Early on, making your colony grow means finding useful local resources or growing useful local crops and then sending merchant ships back to Europe to sell them. You then need to turn around and invest these resources in expanding your territory and trying to start a local army. It's a slow process, as one might expect of a Sid Meier strategy game. You can begin a revolution when you've built the rebel sentiment in your colony to 50 percent or more, but it's best to wait until you have both rebel sentiment and a lot of ships and troops at your disposal. It's also best to wait until you aren't at war with another colony or Native tribe on top of wanting to fight off the inevitably powerful forces that the mother country will send once you rebel. Exactly how many troops your mother country has to throw against you depends on how good you've been at sending gold back to the King. If you've sent him lots of gold and he's happy, he won't have as large an army on hand when you rebel as he would if you'd been holding out on him and not handing over any cash.
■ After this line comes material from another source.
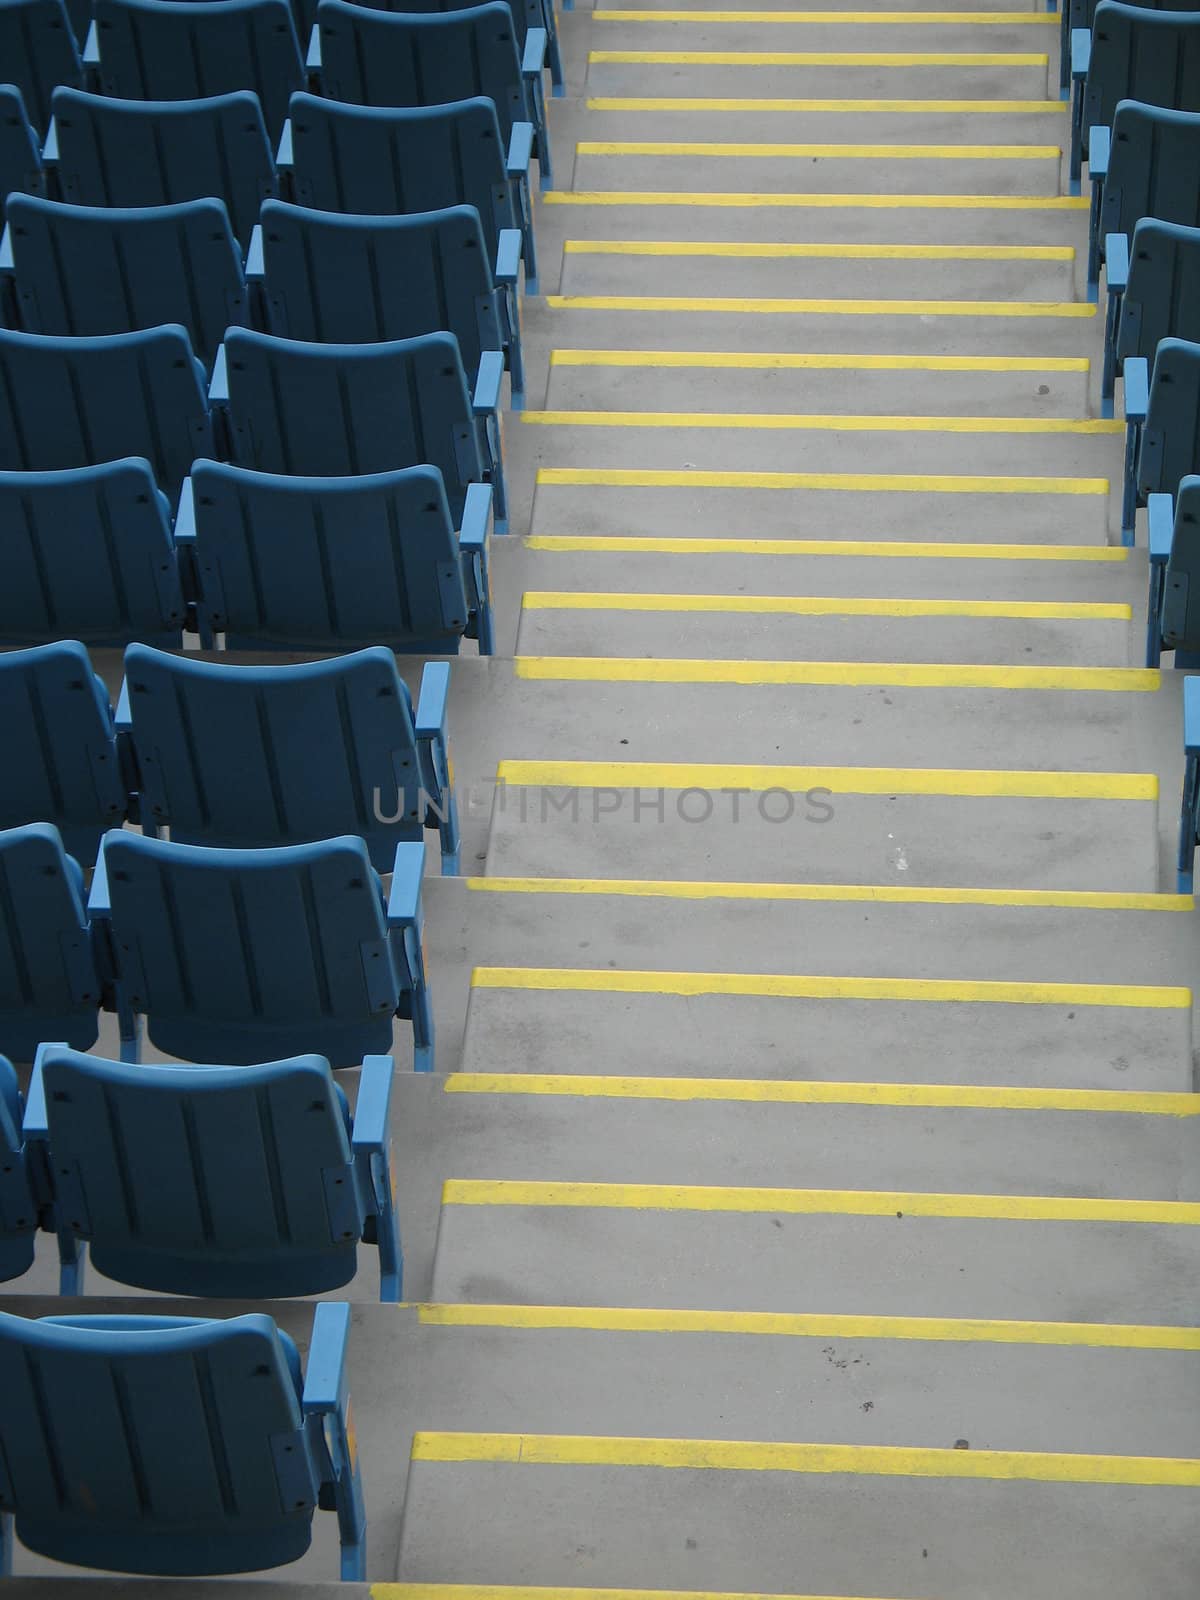 event seats

When it's time to declare a revolution, you begin by declaring the principles of the new country you're trying to found. You aren't obligated to pattern your nation too closely after America: The English colony in the demo was a theological monarchy. Each characteristic you pick grants your new nation particular bonuses, so what kind of country you choose to found may have more to do with how you like to play games than what sort of political beliefs you have. Once you declare revolution, you have a brief time to prepare your colony for war while the mother country's troops sail across the Atlantic to come give you a beat-down. Once they arrive, the fight's outcome really comes down to how well-prepared you are. You can use ships to sink enemy ships before they can land troops on your territory, which makes winning the war easier. Unfortunately, building ships is expensive, and it's rare you'll have as much of a navy on hand as you wish you did. Once the fighting starts on land, then it really comes down to who has the most powerful units. There's nothing you can actually gain by defeating European ships that aren't carrying troops, since defeating the invasion force dictates whether or not you win independence. While the war goes on, you'll have to keep an eye out for other colonies that may join in the fray, but you may also get valuable help from any Native allies you've cultivated. It's not guaranteed that rival colonies will want to fight you once you declare revolution, but you need to make sure that you keep everyone happy while you trade with them.
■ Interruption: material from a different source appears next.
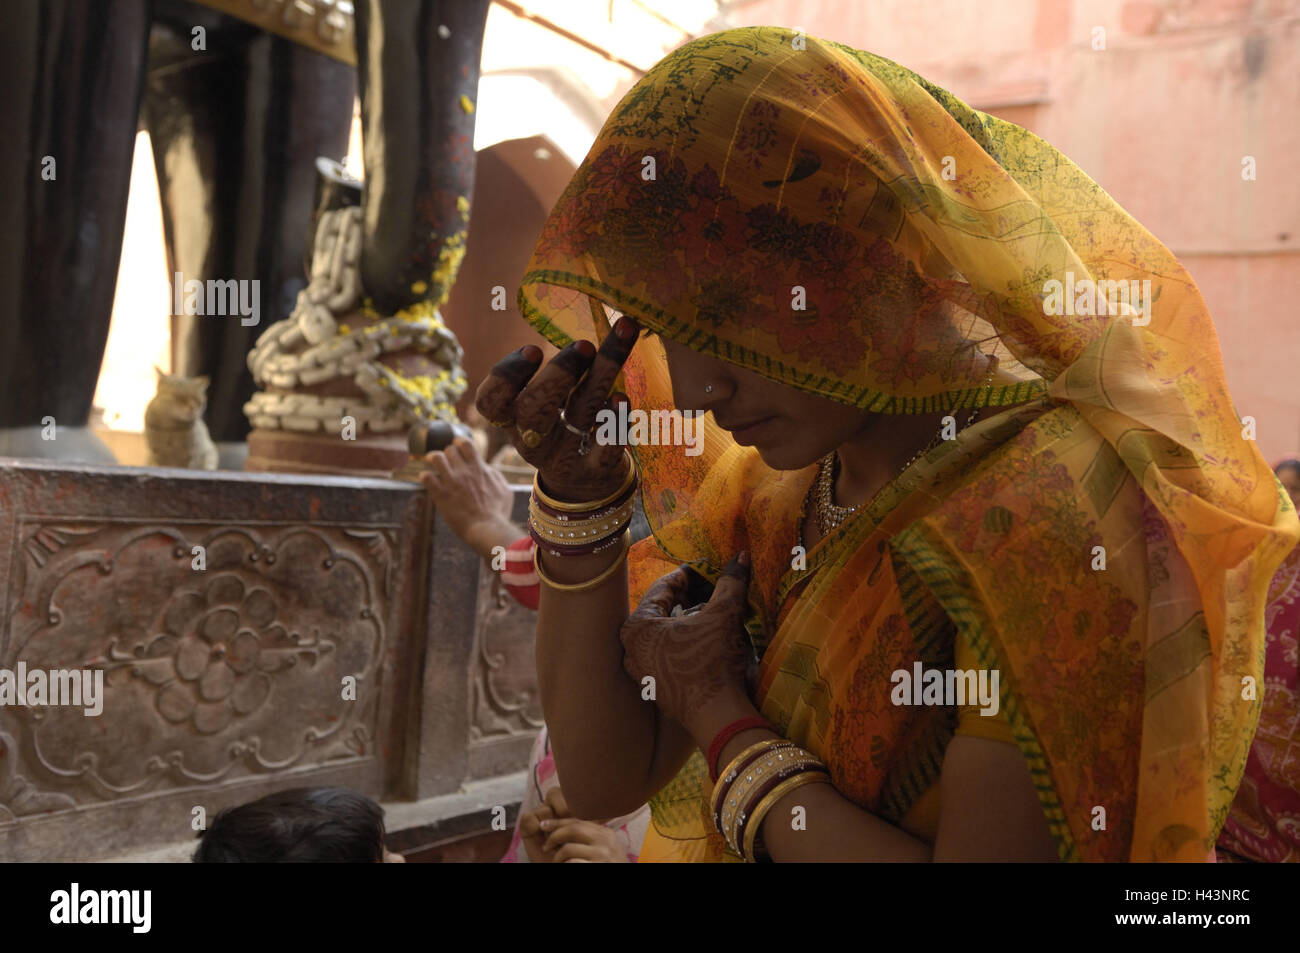 Indian, gesture, Bindi, attach, no model release, Stock Photo

Civilization IV: Colonization looks like a really interesting spin on the basic turn-based colony concept. It's enough like Civilization itself to scratch that empire-building itch, but the way you achieve victory and the overall strategy of the game is completely different. Perhaps best of all, Civ IV: Colonization is the sort of game that could really only ever exist on the PC, with the advantage of a mouse for input and a keyboard at your disposal for making all kinds of shortcuts. The PC market is being increasingly clogged by console ports designed to be played with pad controls, even down to the grungy licensed titles that are embarrassing enough before you waste a PC to run them. Civilization IV: Colonization is instead the sort of intelligent, deep game that everyone says never comes out for the PC anymore.